Blández (2000) também apresenta as características metodológicas da Pesquisa-Ação:

coletiva, encontro entre teoria e prática, ecológica, flexível, criativa, dinâmica, formativa e crítica. A pesquisa-ação é coletiva porque necessita de um grupo de trabalho para colaborar com o processo, compartilhar suas inquietudes, objetivando melhorar suas práticas docentes.

A questão de relacionar teoria e prática se constitui na principal característica da pesquisa-ação, tendo como pilares fundamentais o planejamento, a ação, a observação e a reflexão num processo cíclico. É caracterizada de ecológica por ser desenvolvida no ambiente no qual o processo ocorre realmente, como na escola, e por ter as pessoas que convivem neste espaço como participantes ativos do processo.

A Pesquisa-ação certamente é flexível, pois se estamos num processo de constante reflexão sobre a prática que guia a ação, não temos um caminho determinado, mas o processo é construído de acordo com o que vai acontecendo. Neste sentido também é criativa e dinâmica, pois o grupo pode redefinir o que fazer da forma que entende ser a mais adequada, usando a criatividade para isso e, certamente assim, não se tem um processo rotineiro. A PA é

formativa, pois os professores ao longo do trabalho vivenciam um processo de formação

profissional, e também é crítica, porque os participantes passam a analisar profundamente o que está sendo feito, bem como o processo educativo de uma forma mais ampla.

Analisando cada uma dessas características, podemos concluir que a pesquisa-ação é um procedimento metodológico relevante para se desenvolver uma pesquisa diretamente relacionada com a educação e que seja desenvolvida em uma escola onde entendemos que os problemas educacionais se concretizam realmente.

Com relação a nossa construção de dados, realizamos entrevistas; aplicamos questionários; desenvolvemos reuniões entre as professoras participantes; os alunos desenvolveram algumas atividades conosco, a partir da entrevista feita com a diretora, e também, apresentaram trabalhos aos demais colegas da escola.

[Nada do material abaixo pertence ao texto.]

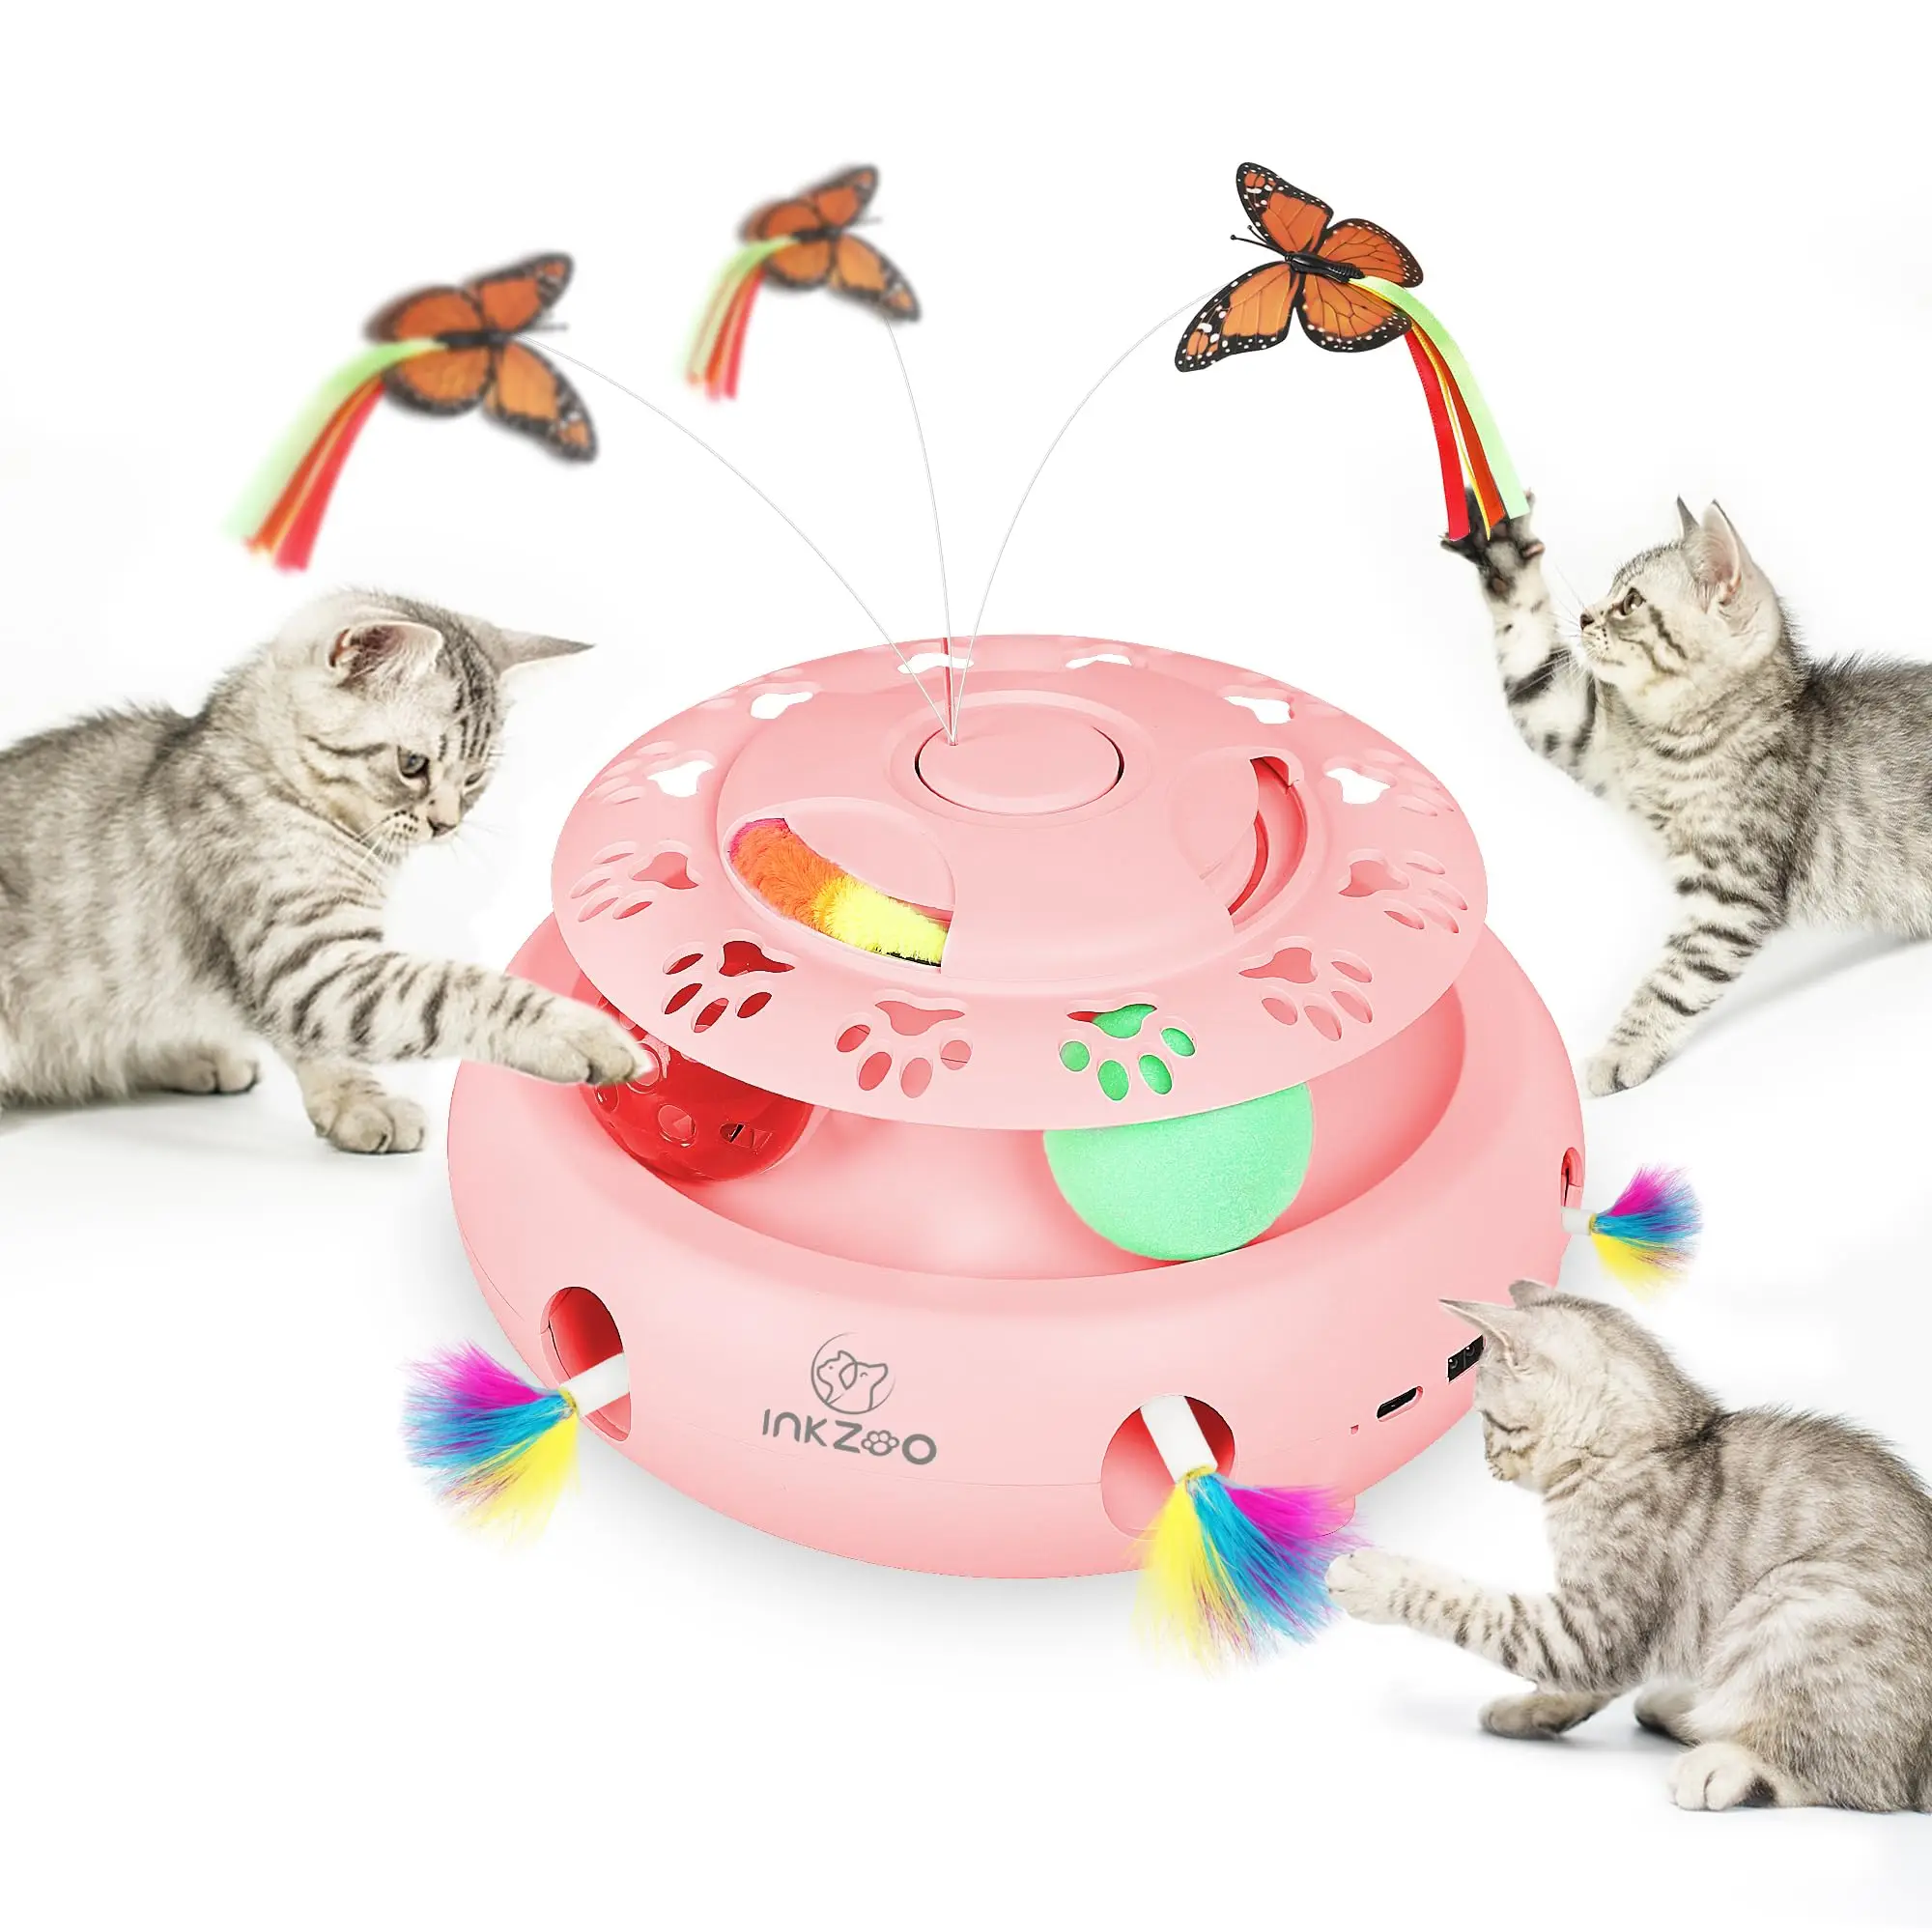 The Interactive Cat Toy: Promoting Exercise, Engagement, and Fun插图4

Gravamos quatro entrevistas que foram realizadas em 2005, sendo uma com a diretora da escola, uma com as serventes, uma com a professora Vera e uma com a professora Márcia. Aplicamos um questionário inicial (professoras participantes) e um questionário no

final de 2005 (alunos participantes e alguns não participantes). Realizamos várias reuniões,

entre estas gravamos duas em 2005 e uma em 2006. Sobre as atividades desenvolvidas com os alunos, que chamamos de sistematizações, conseguimos gravar em áudio quase todas; e as

apresentações dos alunos foram praticamente todas filmadas. Além disso, desenvolvemos

também um grupo focal (reunimos praticamente metade dos alunos participantes num mesmo local, ao final do 1º semestre de 2006) para responder algumas questões oralmente e/ou fazer

colocações espontâneas. Isso também foi gravado em áudio. Todas essas atividades desenvolvidas, que estão gravadas e/ou filmadas, foram transcritas e algumas estão anexadas no final da tese. No próximo capítulo, apresentaremos em ordem cronológica e detalharemos um pouco mais sobre todos os procedimentos desenvolvidos e também, relataremos os resultados da pesquisa.